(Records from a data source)
BEGIN

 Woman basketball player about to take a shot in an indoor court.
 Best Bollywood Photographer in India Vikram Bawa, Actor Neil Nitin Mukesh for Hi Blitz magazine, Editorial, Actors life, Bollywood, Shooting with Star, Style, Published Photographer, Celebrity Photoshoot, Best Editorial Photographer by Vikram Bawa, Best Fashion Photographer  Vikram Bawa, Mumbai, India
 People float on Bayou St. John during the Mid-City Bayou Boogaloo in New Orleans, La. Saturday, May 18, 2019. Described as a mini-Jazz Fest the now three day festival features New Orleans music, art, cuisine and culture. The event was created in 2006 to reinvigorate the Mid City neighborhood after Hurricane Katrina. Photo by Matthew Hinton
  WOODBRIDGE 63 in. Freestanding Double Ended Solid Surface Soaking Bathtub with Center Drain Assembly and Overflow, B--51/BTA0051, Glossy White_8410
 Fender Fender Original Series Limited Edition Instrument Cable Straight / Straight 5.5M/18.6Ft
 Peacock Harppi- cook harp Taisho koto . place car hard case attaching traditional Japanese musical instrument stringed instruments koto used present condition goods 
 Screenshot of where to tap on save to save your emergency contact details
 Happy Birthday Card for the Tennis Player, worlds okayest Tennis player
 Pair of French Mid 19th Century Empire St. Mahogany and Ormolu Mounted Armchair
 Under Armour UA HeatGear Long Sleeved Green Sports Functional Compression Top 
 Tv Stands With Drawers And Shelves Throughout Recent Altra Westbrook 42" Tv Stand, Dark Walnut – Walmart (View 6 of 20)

END

▸ HOW TO COMPLETE THIS TASK
Will you return exactly the lines above from the one with "Best Bollywood Photographer" down to the one with "Under Armour UA", counting both as part of the range?

▸ TASK SOLUTION
 Best Bollywood Photographer in India Vikram Bawa, Actor Neil Nitin Mukesh for Hi Blitz magazine, Editorial, Actors life, Bollywood, Shooting with Star, Style, Published Photographer, Celebrity Photoshoot, Best Editorial Photographer by Vikram Bawa, Best Fashion Photographer  Vikram Bawa, Mumbai, India
 People float on Bayou St. John during the Mid-City Bayou Boogaloo in New Orleans, La. Saturday, May 18, 2019. Described as a mini-Jazz Fest the now three day festival features New Orleans music, art, cuisine and culture. The event was created in 2006 to reinvigorate the Mid City neighborhood after Hurricane Katrina. Photo by Matthew Hinton
  WOODBRIDGE 63 in. Freestanding Double Ended Solid Surface Soaking Bathtub with Center Drain Assembly and Overflow, B--51/BTA0051, Glossy White_8410
 Fender Fender Original Series Limited Edition Instrument Cable Straight / Straight 5.5M/18.6Ft
 Peacock Harppi- cook harp Taisho koto . place car hard case attaching traditional Japanese musical instrument stringed instruments koto used present condition goods 
 Screenshot of where to tap on save to save your emergency contact details
 Happy Birthday Card for the Tennis Player, worlds okayest Tennis player
 Pair of French Mid 19th Century Empire St. Mahogany and Ormolu Mounted Armchair
 Under Armour UA HeatGear Long Sleeved Green Sports Functional Compression Top 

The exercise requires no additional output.